ITISFoundation / osparc-issues

🐼 issue-only repo for the osparc project
3 stars 5 forks source link

TVB service fails on osparc.io #835

Closed elisabettai closed 1 year ago

elisabettai commented 1 year ago

Long Story Short The TVB service fails starting on osparc.io

Steps to reproduce In a new study, add a new tvb node

Additional context This is a legacy dynamic service.

In Portainer, tvb-app (backend part of the service) stays pending forever, with error message no suitable node (insufficient resources on 8 nodes; scheduling constraints not satisfied on 3 nodes)

tvb-web fails (11 instances are there) with host not found in upstream "tvb-app_6914e85f-ce9c-4ef3-be7b-b897f1627057:8060" in /etc/nginx/conf.d/default.conf:2

This is what the user sees in the logger: Service failed: task: non-zero exit (1)

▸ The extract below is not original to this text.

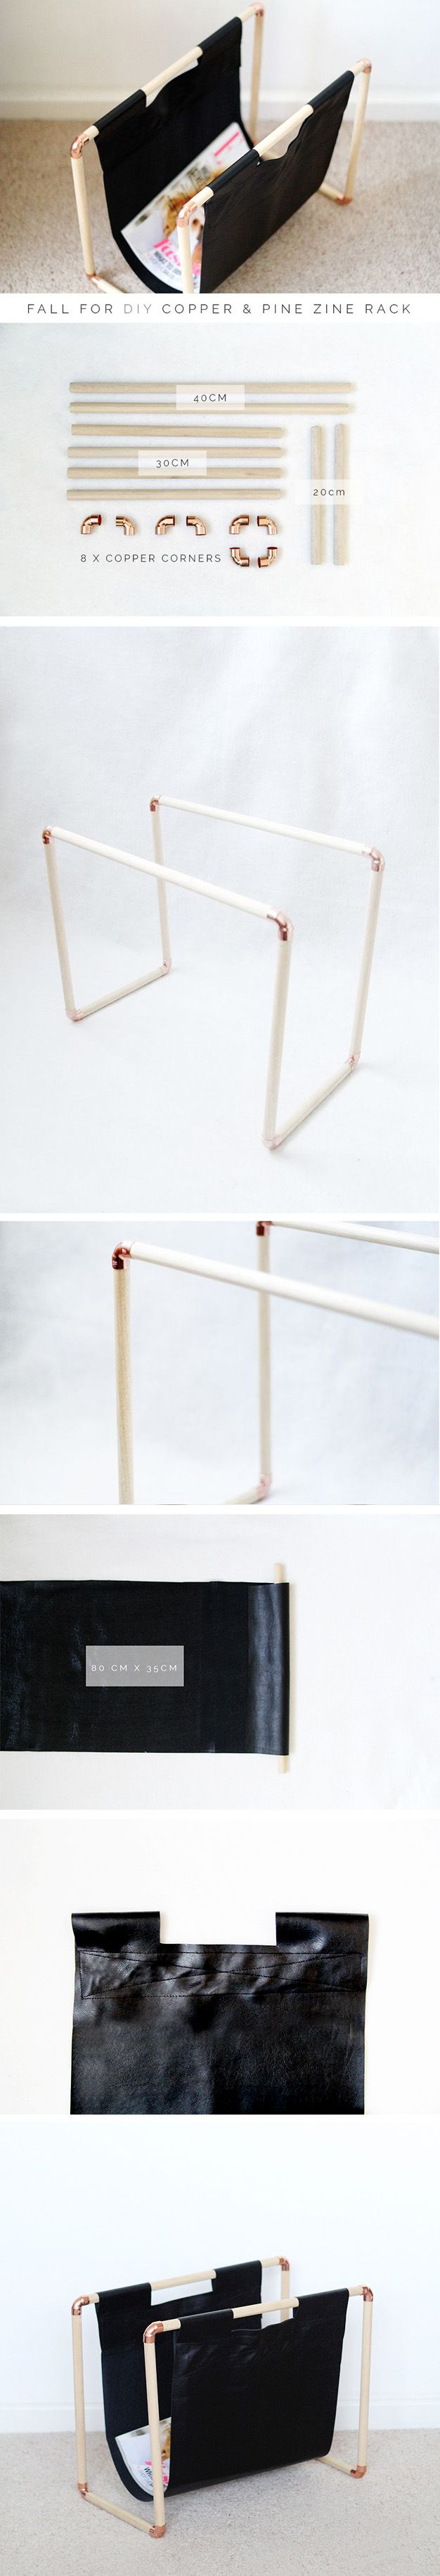 Sencillo revistero DIY / http://www.fallfordiy.com/

GitHK commented 1 year ago

@mguidon could this be related to the default resource changes?

elisabettai commented 1 year ago

Also iseg fails super-quick when trying to add a new node.

elisabettai commented 1 year ago

With iseg, web dev tools gave a 503. There was also this pydantic error in the director none is not an allowed value (type=type_error.none.not_allowed) image

pcrespov commented 1 year ago

@mguidon could this be related to the default resource changes?

No. After some debugging with @sanderegg we noticed that the problem was that two services associated to @elisabettai were failing the validation above because all associated containers failed. The service exists but has no container therefore the service_port == None and therefore the validator RunningDynamicServiceDetails failed.

This issue needs a follow up: @GitHK we need to determine what is expected from get_running_services since a service can still exists without any running container.

SEE https://github.com/ITISFoundation/osparc-simcore/blob/308fa08e60693836e1ce225e53b535c95bd95384/services/director-v2/src/simcore_service_director_v2/modules/director_v0.py#L145-L164

@GitHK please let me know when you have a moment to check this issue.

sanderegg commented 1 year ago

This is what happened to @elisabettai :

pcrespov commented 1 year ago

Workaround: @sanderegg deleted legacy services that had no containers running and everything worked again.

elisabettai commented 1 year ago

Closing since from user perspective the workaround solved it. Let me know @pcrespov if I should create a follow-up case in osparc-simcore (or if you prefer doing that).